Why Do Nonprofits Need a Board?

Boards are the governing body that steward nonprofit organizations and hold the ultimate decision-making authority for their organization.  

When an organization is incorporated, the state in which the incorporation takes place assigns responsibility for the organization’s affairs to a governing board, usually referred to as the Board of Directors. This means the state grants the board the legal authority to establish policies designed to shape the work of the organization and that board is ultimately accountable to the state for the discharge of its legal responsibilities. Nonprofit governing boards are expected to uphold the public trust by ensuring the organization carries out the purposes for which it was established and that it does so in a responsible and accountable manner. (Board Fundamentals)

As explained in Putting Purpose First, board service is more than simply fiduciary oversight. Establishing an organization’s purpose and setting its strategic direction is the most essential of the board’s three leadership roles and the backbone for all that the organization is and does. The board works in partnership with the chief executive and staff (if the organization has them) to articulate the organization’s purpose and guiding values and agree on a shared vision for the future as well as strategies and goals to achieve that vison.

No organization can do its important work without resources to support its work. Three interconnected types of resources are necessary:

  1. the people to do the work
  2. the money to support people, systems, and programs
  3. the connection with individuals and other organizations to earn the trust and respect of those the organization seeks to support or serve.

While the board itself does not cultivate and secure these resources on its own — it does so in partnership with the chief executive and staff  it has the ultimate responsibility for ensuring that these resources are in place. 

The board is responsible for ensuring that the organization is accountable to its purpose and operating ethically and responsibly in all ways. It provides an essential safeguard for addressing impropriety or lack of performance that would threaten the organization and its work. The role is critical even when things are going well, because neglecting it can put the organization at risk of failure. A board therefore must take its oversight role seriously, and its constituents must be made aware that the board is doing so. Key components of this role include evaluating and supporting the chief executive, ensuring legal and ethical integrity, providing financial oversight and strategic deployment of resources, managing risk, and monitoring progress toward implementing organizational strategy.

State laws explicitly indicate that nonprofit governing boards assume the fiduciary role for the organization’s well-being. These laws designate overall responsibility and liability to that board. In addition to the board’s responsibilities as a governing body, individual board members are bound by their legal obligations: the duties of care, loyalty, and obedience. These duties serve in the courts as the test for compliance if a board member’s performance or decisions ever become a legal issue.

BoardSource recommends boards fulfill their role comprehensively when they focus on their fiduciary role, as well as their roles in strategic and generative governance, which together can expand and enhance the board’s experience, engagement, and reach.

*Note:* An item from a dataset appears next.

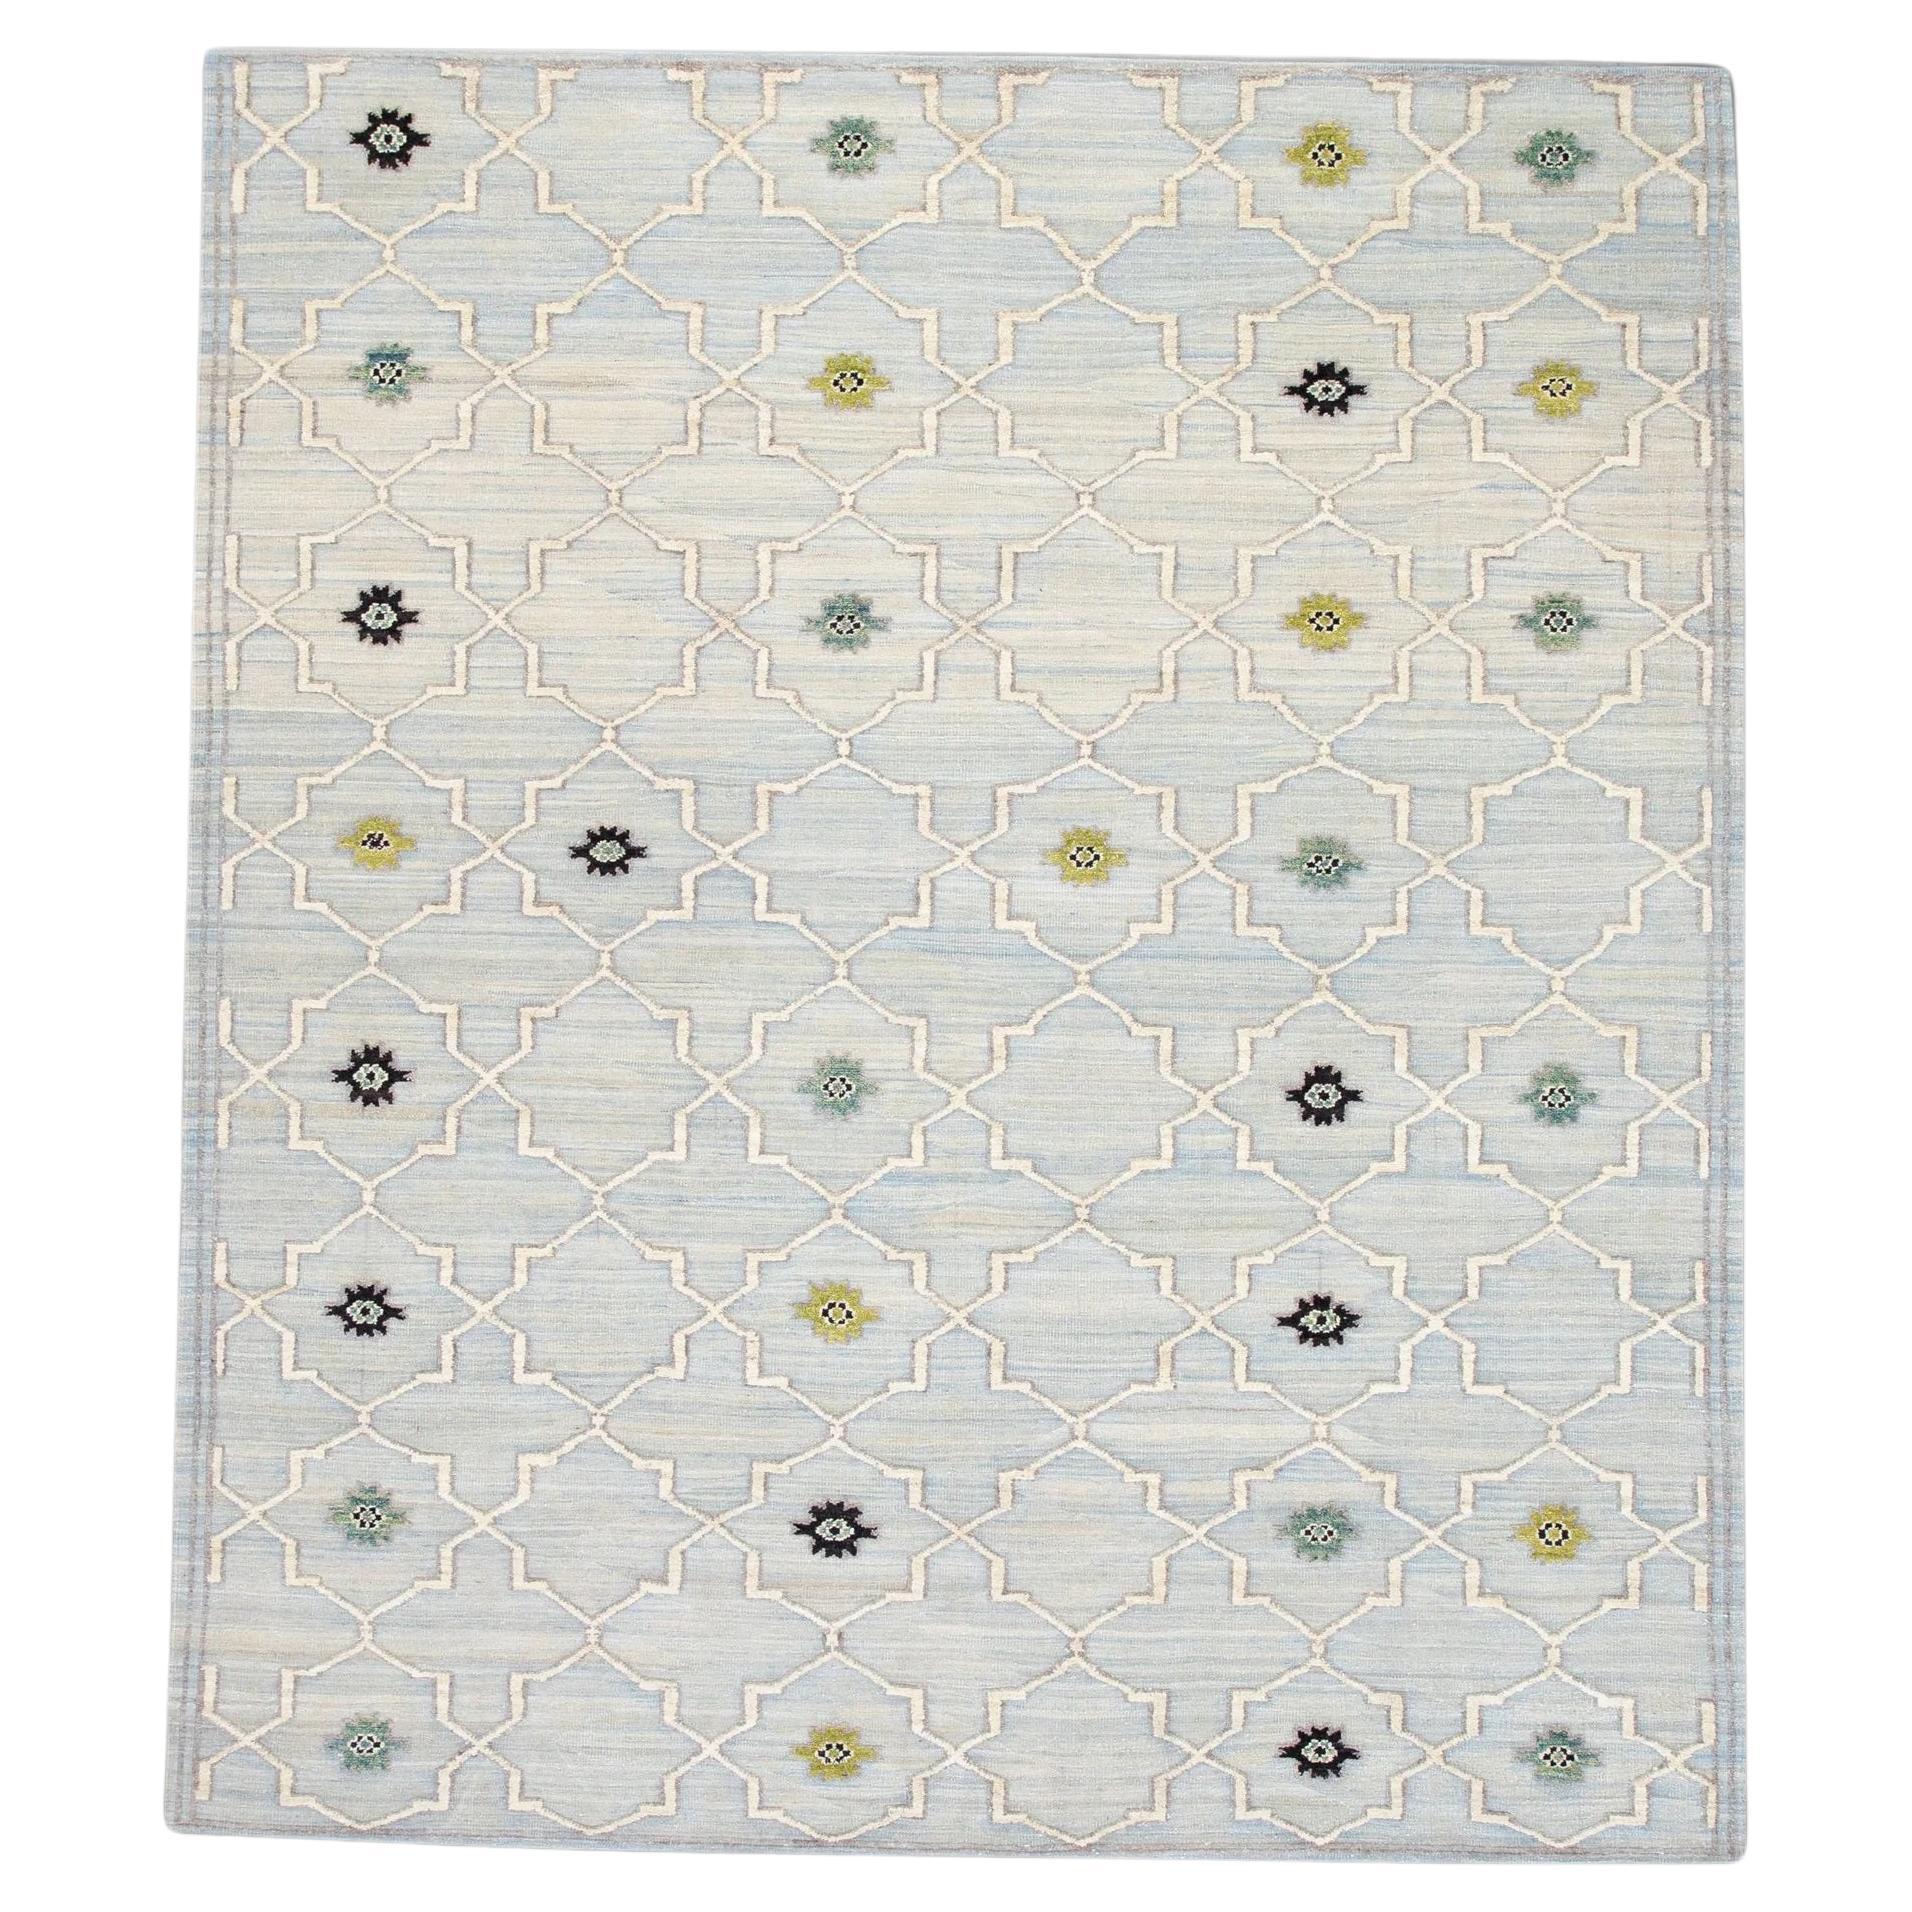 Blue and Green Geometric Design Flatweave Handmade Wool Rug 8'3" X 10'2" For Sale

As evidenced in Purpose-Driven Board Leadership boards represent and govern our organizations on behalf of communities and are responsible to those communities. Who is on the board can drastically change how the board operates and what role it plays.

While board composition may vary, a board that is homogeneous in any way risks negatively impacting its ability to make the best decisions and plans for the organization. Boards that lack racial and ethnic diversity are particularly concerning, as they may select strategies and plans that ineffectively address societal challenges and inequities, or even reinforce them.

The board acts on behalf of the stakeholders of the organization. A board that is familiar with its constituency and their needs is better able to steer the organization in a direction that is responsive to and authorized by those it serves.